5. How to STRING something together¶
Tired of examples which only include numeric data? Me neither. But we need to address the elephant in the room: strings.
We're going to start by re-implementing a pig-latinnifier.
This example is already part of the pyo3-polars
repo examples,
but we'll tackle it with a different spin here by first doing it
the wrong way 😈.
Pig-latinnify - take 1¶
Let's start by doing this the wrong way.
We'll use our abs
example, and adapt it to the
string case. We'll follow the same strategy:
- iterate over arrow arrays;
- for each element in each array, create a new output value.

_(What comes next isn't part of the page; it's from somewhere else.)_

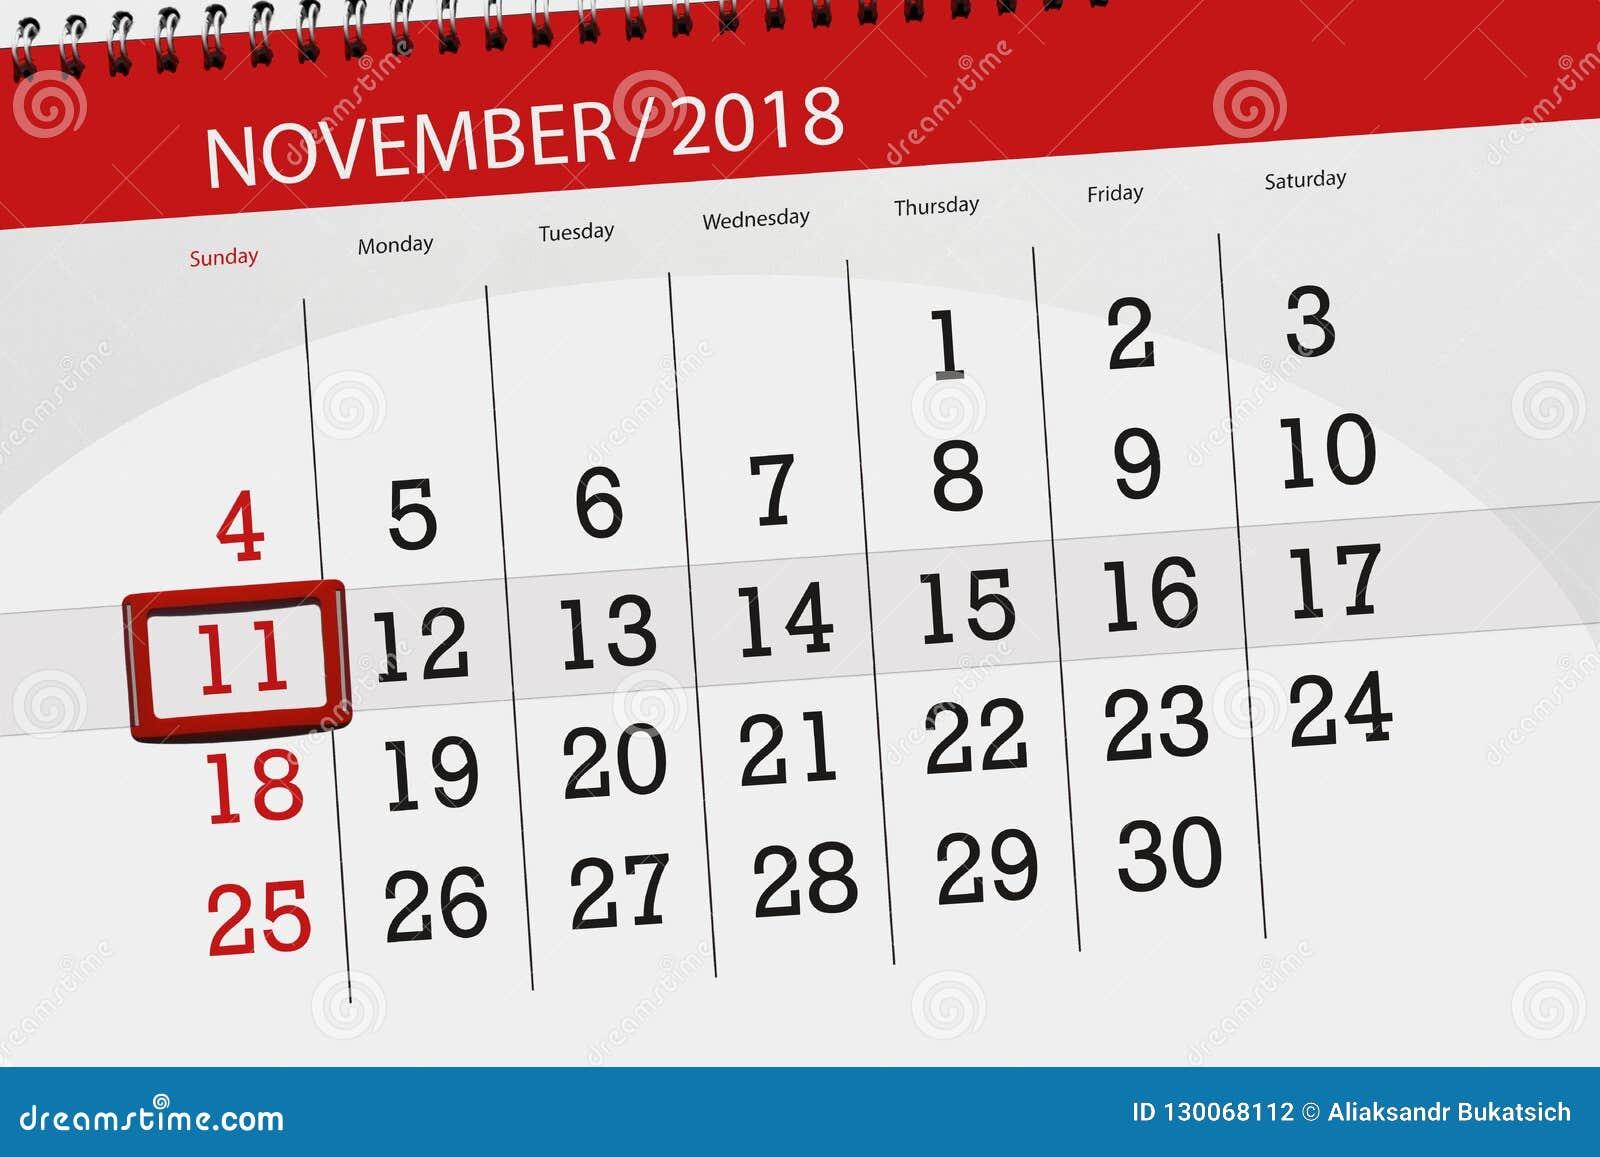 Calendar planner for the month, deadline day of the week 2018 november, 11, Sunday

Put the following in src/expressions.rs
:
use std::borrow::Cow;
use std::fmt::Write;
#[polars_expr(output_type=String)]
fn pig_latinnify(inputs: &[Series]) -> PolarsResult<Series> {
let s = &inputs[0];
let ca = s.str()?;
let out: StringChunked = ca.apply(|opt_v: Option<&str>| {
opt_v.map(|value: &str| {
// Not the recommended way to do it,
// see below for a better way!
if let Some(first_char) = value.chars().next() {
Cow::Owned(format!("{}{}ay", &value[1..], first_char))
} else {
Cow::Borrowed(value)
}
})
});
Ok(out.into_series())
}
String
.
If you combine this with a Python definition (which you should put
in minimal_plugin/__init__.py
):
def pig_latinnify(expr: IntoExpr) -> pl.Expr:
expr = parse_into_expr(expr)
return expr.register_plugin(
lib=lib,
symbol="pig_latinnify",
is_elementwise=True,
)
maturin develop
(or maturin develop --release
if you're benchmarking) and put the following in run.py
:
import polars as pl
import minimal_plugin as mp
df = pl.DataFrame({'a': ["I", "love", "pig", "latin"]})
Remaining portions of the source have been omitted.